Baseline Debuts to Challenge GLP-1 Giant Lilly in Alcohol Use Disorder

The man opens the door. The concept of mystery or new opportunities or the path to the future.

While Baseline Therapeutics declined to disclose its starting capital, the startup said it will use the funds to push its GLP-1 asset BT-001 into late-stage development, with two trials planned this year.

Another player is entering the crowded GLP-1 space. Baseline Therapeutics launched on Tuesday to test the potential of the drug class as a treatment for addiction disorders—a field that industry leaders like Eli Lilly have recently started exploring.

Baseline is staying mum about how much money it is starting out with. A spokesperson for the startup told BioSpace in an email that the company is “not able to comment on financing quite yet.”

The biotech, based in San Francisco, will use its initial capital to bankroll the late-stage development of its lead asset BT-001, a once-weekly GLP-1 analog being tested for alcohol use disorder (AUD). Baseline has already aligned with the FDA on the drug’s development pathway and is gearing up to launch two randomized, placebo-controlled Phase III studies this year, according to a news release on Tuesday.

Baseline is also planning to test BT-001 in other substance use disorders in the future, including those involving opioids. Phase II/III development of the drug for cocaine and methamphetamine use disorders is set to start in the third quarter of this year, according to the biotech’s website.

“We are prioritizing execution: an FDA-aligned Phase 3 plan, a weekly dosing profile designed for adherence, and a multi-indication strategy that can extend beyond [alcohol use disorder],” CEO Nicholas Reville said in a statement. Alongside Reville is Morris Birnbaum, chief scientific officer, who held the same role at Pfizer’s Internal Medicine Research Unit.

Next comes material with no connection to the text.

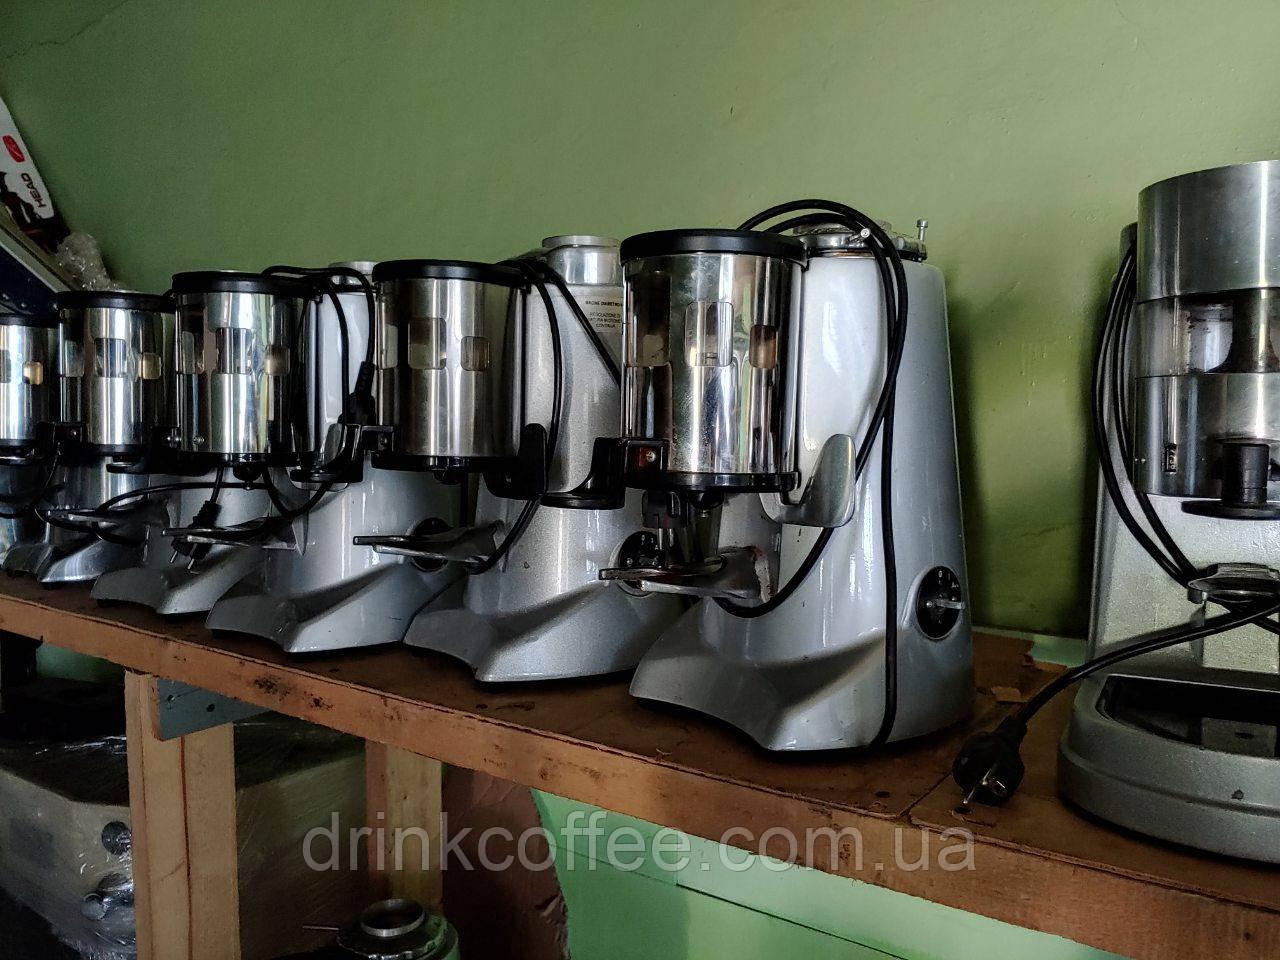 Кофемолка Fiorenzato F5 б/у (новый бункер)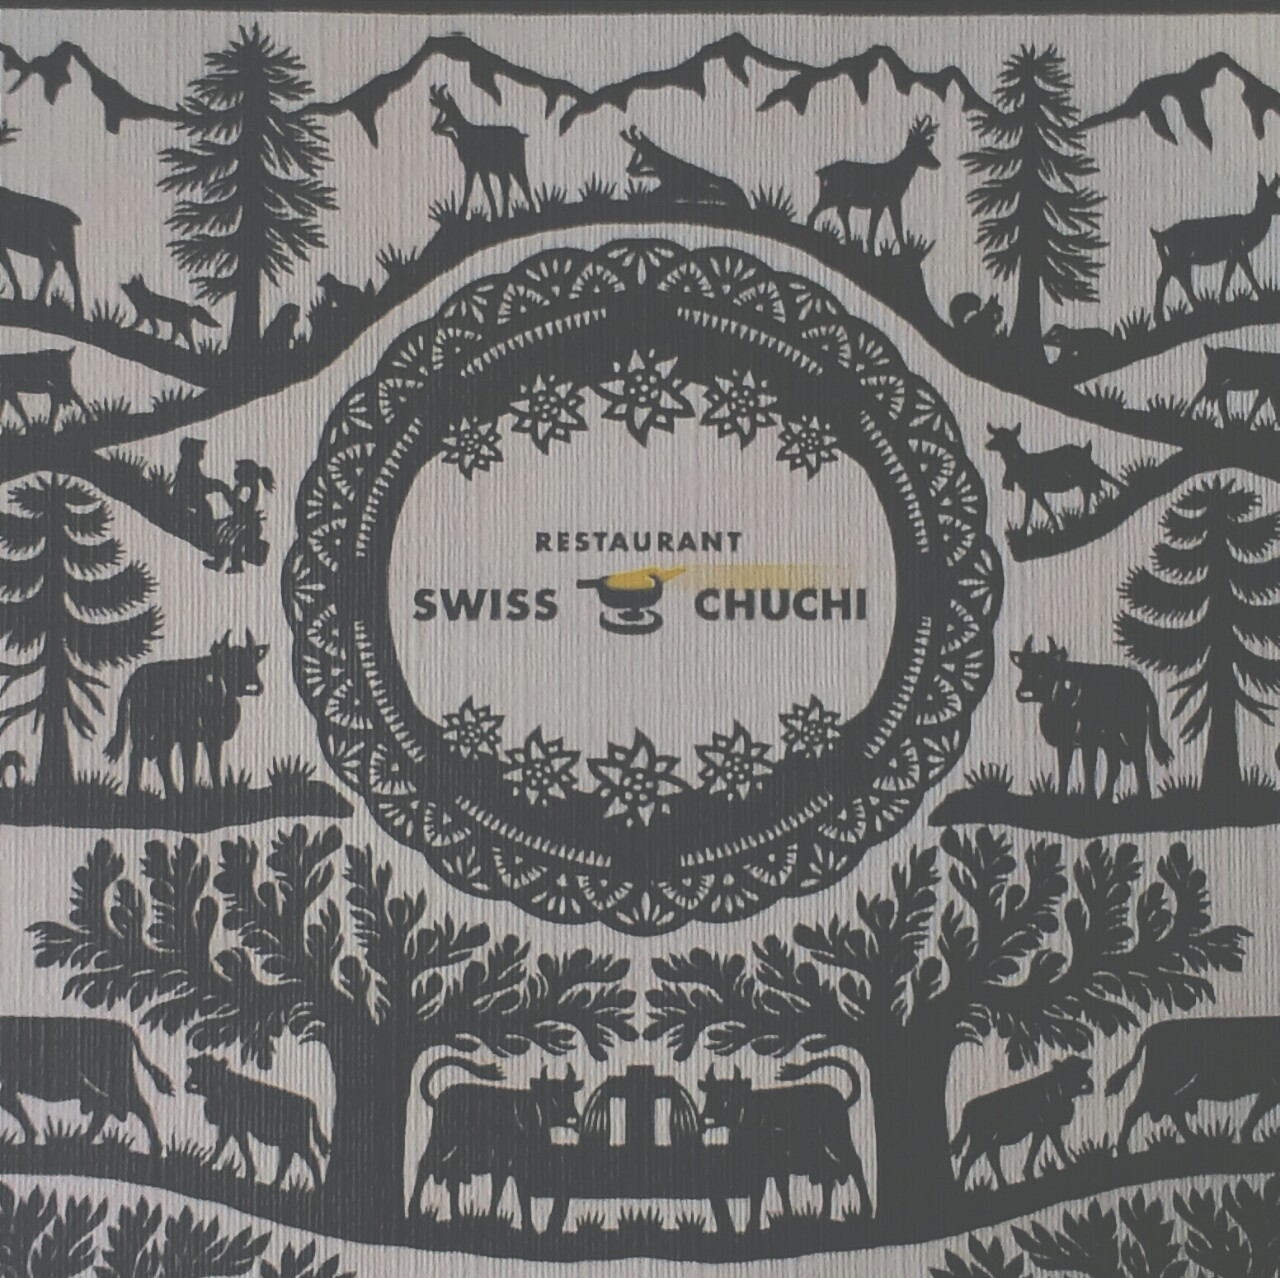 Swiss Chuchi

Using GLP-1s to treat addictive conditions isn’t a new idea. In an August 2023 interview with BioSpace, Michael Glockman, obesity medicine specialist at Revolution Medicine, Health & Fitness, said there is growing evidence to suggest that GLP-1 drugs are “blunting that pleasure response across the board. I think there are so many interplays in the brain that are involved with the dopamine pleasure response, and addiction falls into that.”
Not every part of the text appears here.